Though Obama left the impression that they’re part of a spontaneous national uprising of millionaires demanding higher tax rates, the group is an offshoot of the Agenda Project, an advocacy group in New York that specializes in attention- grabbing publicity campaigns.
Erica Payne, Agenda’s founder and a former Democratic Party fundraiser, says the point of Patriotic Millionaires is to create “a stir.” Payne, a Wharton School graduate, says she hopes to recruit “garden-variety millionaires” from all 50 states to help ensure taxes remain a big election issue, especially since Republicans have made it clear the Buffett rule -- named for billionaire investor Warren Buffett, who says he pays a lower tax rate than his secretary -- is dead this year.
“Politicians are the least important part of politics,” Payne says. “We felt political pressure was forcing a decision by politicians that was not the right decision for the country.”
Patriotic Millionaires got its start in late 2010 when Payne, former Google engineer David desJardins and Guy Saperstein, a California venture capitalist, enlisted wealthy friends to protest extending Bush-era tax cuts for the wealthy.

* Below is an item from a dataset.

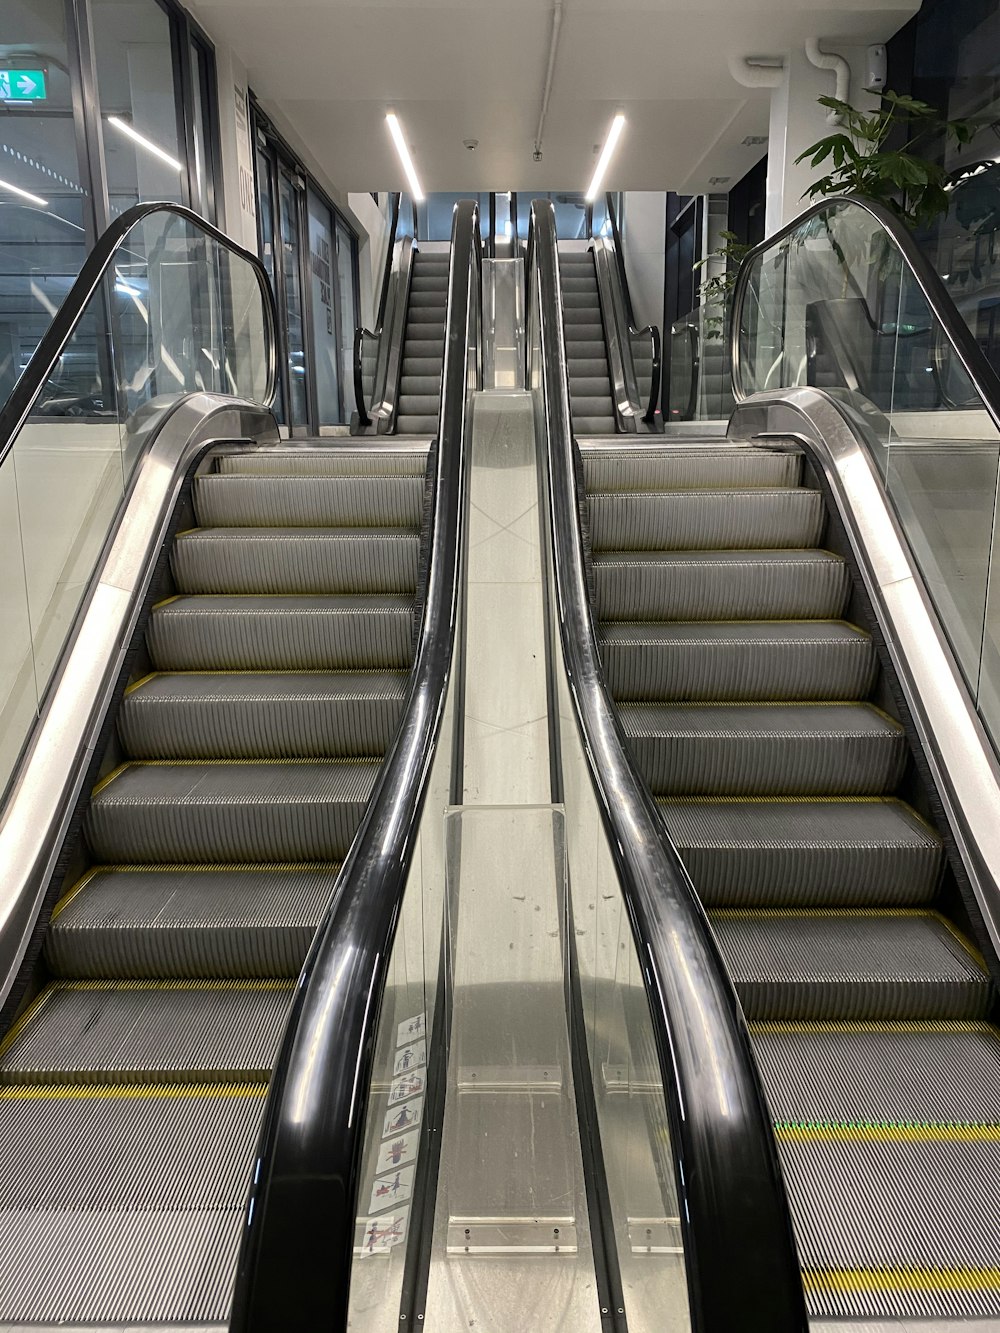 stainless steel escalator with no people

When the Buffett rule started getting attention last year, the group rallied behind it.
Payne says Patriotic Millionaires didn’t join forces with Obama until the White House asked if some of its members would be willing to stand behind the president while he delivered his Buffett rule speech.
Saperstein says he may not pay any taxes because of carried over losses, even though he made more than $7 million last year in investment income.
“Why should we favor investors over working people?” he says.
Tilson, the fund manager who was one of the four millionaires on stage with Obama, agrees. Everyone knows the government has to raise revenue to reduce the deficit, he says. “Most of it has to come from spending cuts, but a meaningful chunk has to come from tax increases.”
He concedes he’s in the minority among his friends and clients. The investors he manages “are all millionaires,” he says. “I can imagine some of them might take a dim view of me advocating for this.”